In the case of a November 1996, pipeline accident near Murfreesboro, Tennessee, a pipeline rupture resulted in the release of about 85,000 gallons of diesel fuel. During the accident, a controller did not notice an overpressure condition building against a closed valve at a pump station because the control room displayed an incorrect location for a pressure transmitter. The system recorded a sudden pressure drop at another pump station, but no alarms occurred. Although company procedures required shut down of the line in the event it was blocked, the controller continued to operate the pipeline and eventually succeeded in reopening the closed valve. He continued to pump diesel fuel through the ruptured pipeline for approximately one hour until he realized that the expected pressure rise on the pipeline was not occurring.
The Safety Board is currently investigating five other accidents that may involve a delay in recognition of a leak.
For example, in the February 1999, pipeline accident in Knoxville, Tennessee, the pipeline was not operating when the pipeline ruptured. Records from the pipeline operator's control room indicated a sudden, but small pressure drop at a pump station. No alarms were relayed to controllers. The pipeline was started up twice before controllers concluded that the pipeline ruptured, about 4 ½ hours after the rupture.

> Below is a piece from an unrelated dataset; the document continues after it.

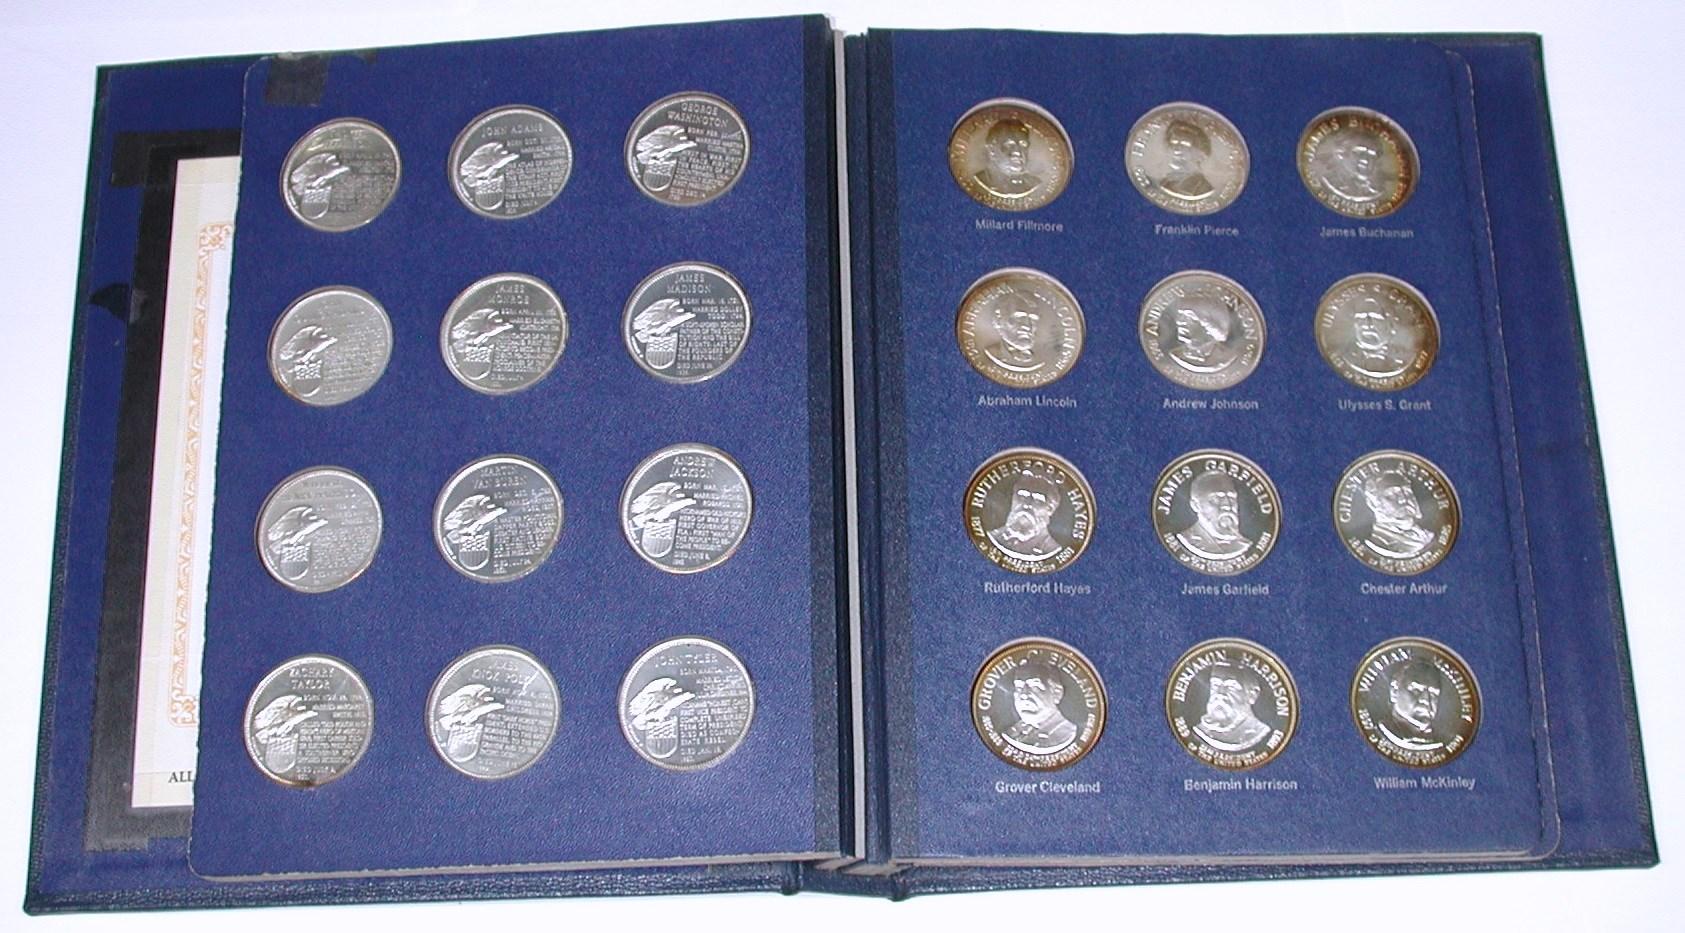 1970 AMERICAN EXPRESS FRANKLIN MINT TREASURY of PRESIDENTIAL COMMEMORATIVE MEDALS - STERLING SILVER

In the June 1999, Bellingham, Washington, pipeline accident, the pipeline operator reported that the computer systems became unresponsive because of inadequate computing capacity during the time frame that the rupture occurred. Controllers did not recognize that the pipeline had ruptured and restarted the pipeline. About an hour after the rupture, controllers shut down the pipeline.
In the January 2000, Winchester, Kentucky pipeline accident, the controller shut down the pipeline about two hours after the rupture.
In the March 2000, Greenville, Texas pipeline accident, at the time of the rupture, a pump automatically shut down. The controller didn't recognize the reason for the shutdown and started another pump in an attempt at keeping the line running.
In the April 2000, pipeline accident near the Chalk Point Electric Power Generating Station in Maryland, the pipeline operated for over one hour after the first indication of an abnormal operation. Metering instruments for monitoring the pipeline were not functioning during a maintenance operation that was ongoing at the time.
The Safety Board staff has been deluged with requests to participate on panels. With just one day devoted to each topic, we simply do not have time to include all requests and have had to make difficult choices in choosing our panelists. Therefore, we invited those that we could not include on panels to provide us with additional information for subsequent review and consideration.
For the panelists that are participating, we thank you for sharing your knowledge and experiences with us.